=== Section Start ===

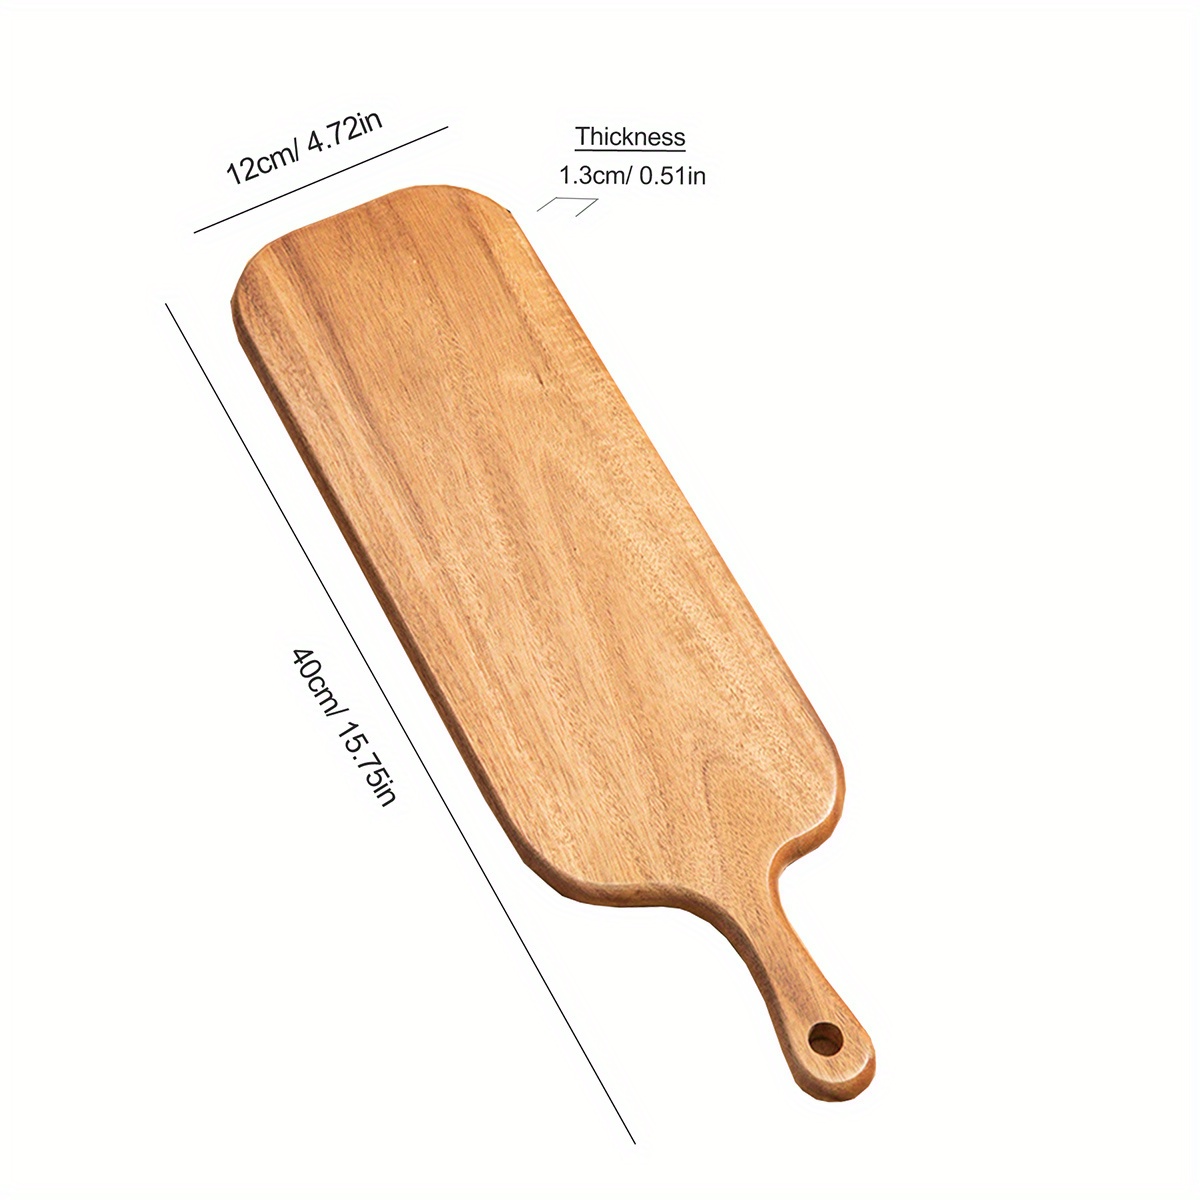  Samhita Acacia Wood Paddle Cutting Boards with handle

=== Section End ===
=== Section Start ===

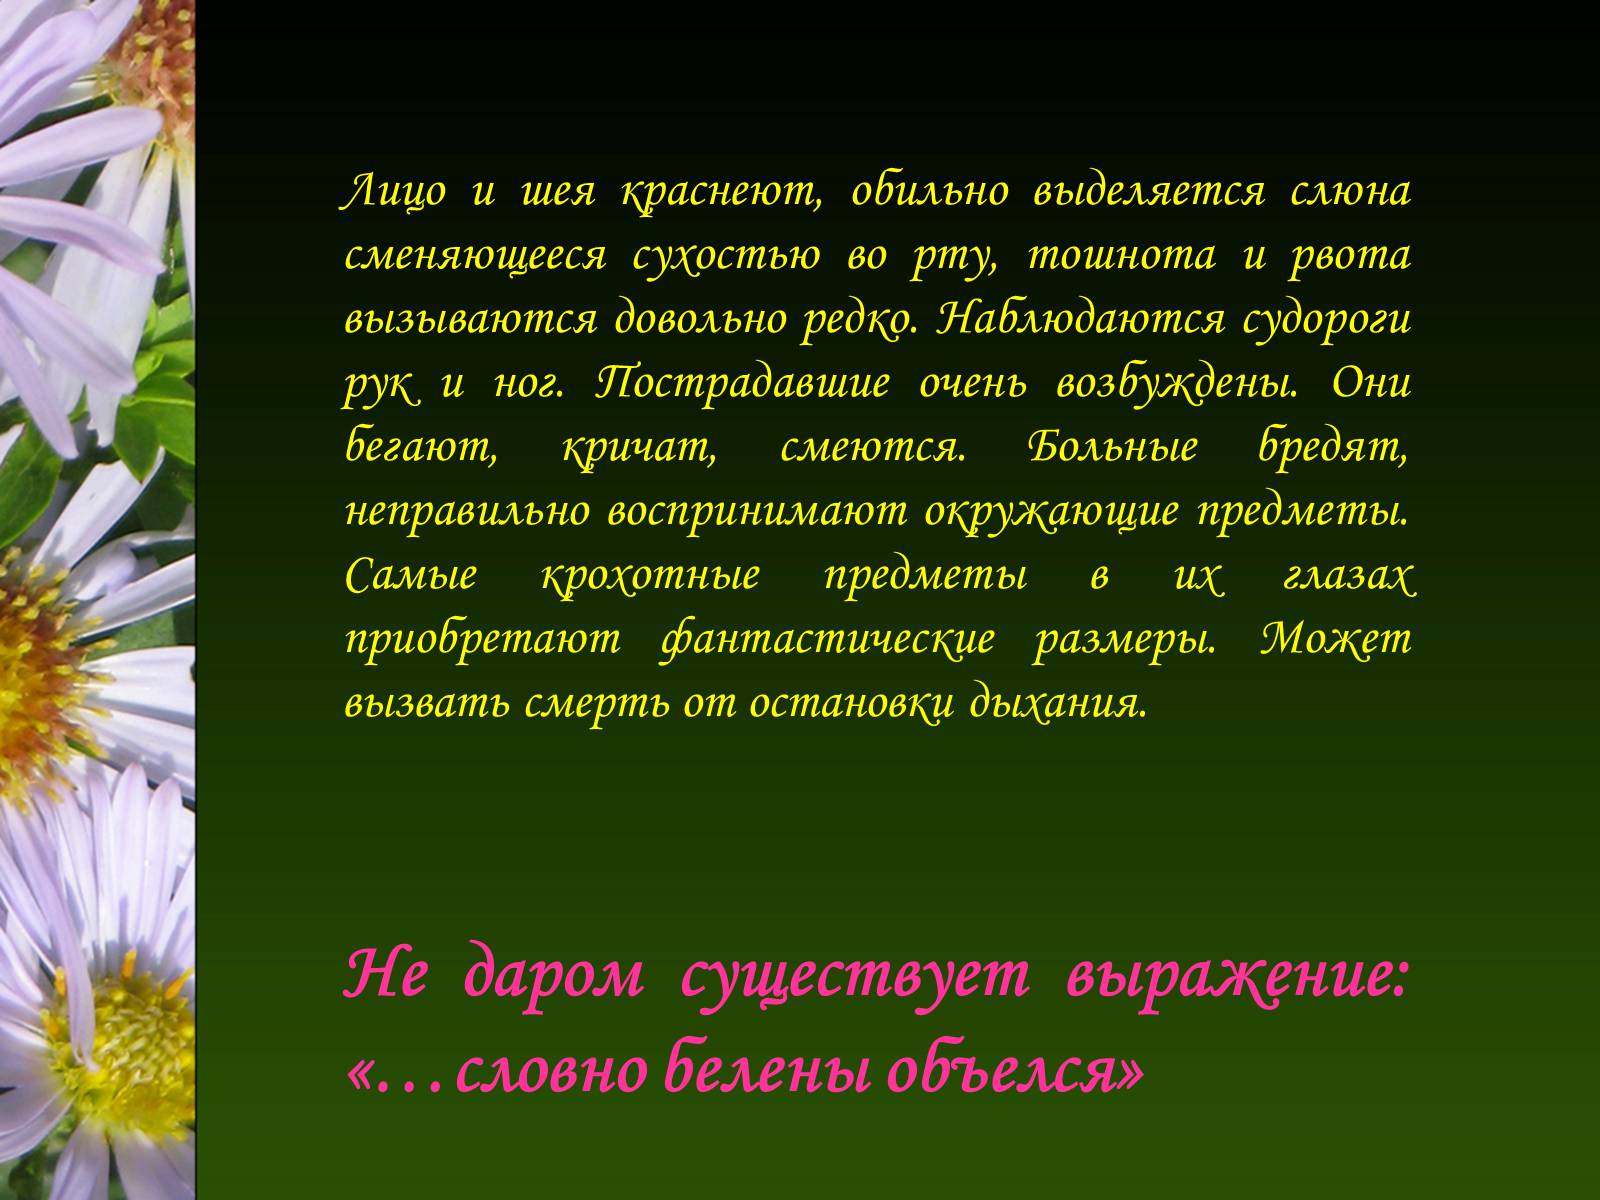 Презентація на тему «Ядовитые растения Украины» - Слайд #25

=== Section End ===
=== Section Start ===

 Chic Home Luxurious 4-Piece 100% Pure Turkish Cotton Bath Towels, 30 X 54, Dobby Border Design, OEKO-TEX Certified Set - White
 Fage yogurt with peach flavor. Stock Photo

=== Section End ===

In the listing above, find the line with "Chic Home Luxurious" and the line with "Fage yogurt with peach flavor. Stock Photo", then print exactly those two lines and every line between them, and nothing more.

 Chic Home Luxurious 4-Piece 100% Pure Turkish Cotton Bath Towels, 30 X 54, Dobby Border Design, OEKO-TEX Certified Set - White
 Fage yogurt with peach flavor. Stock Photo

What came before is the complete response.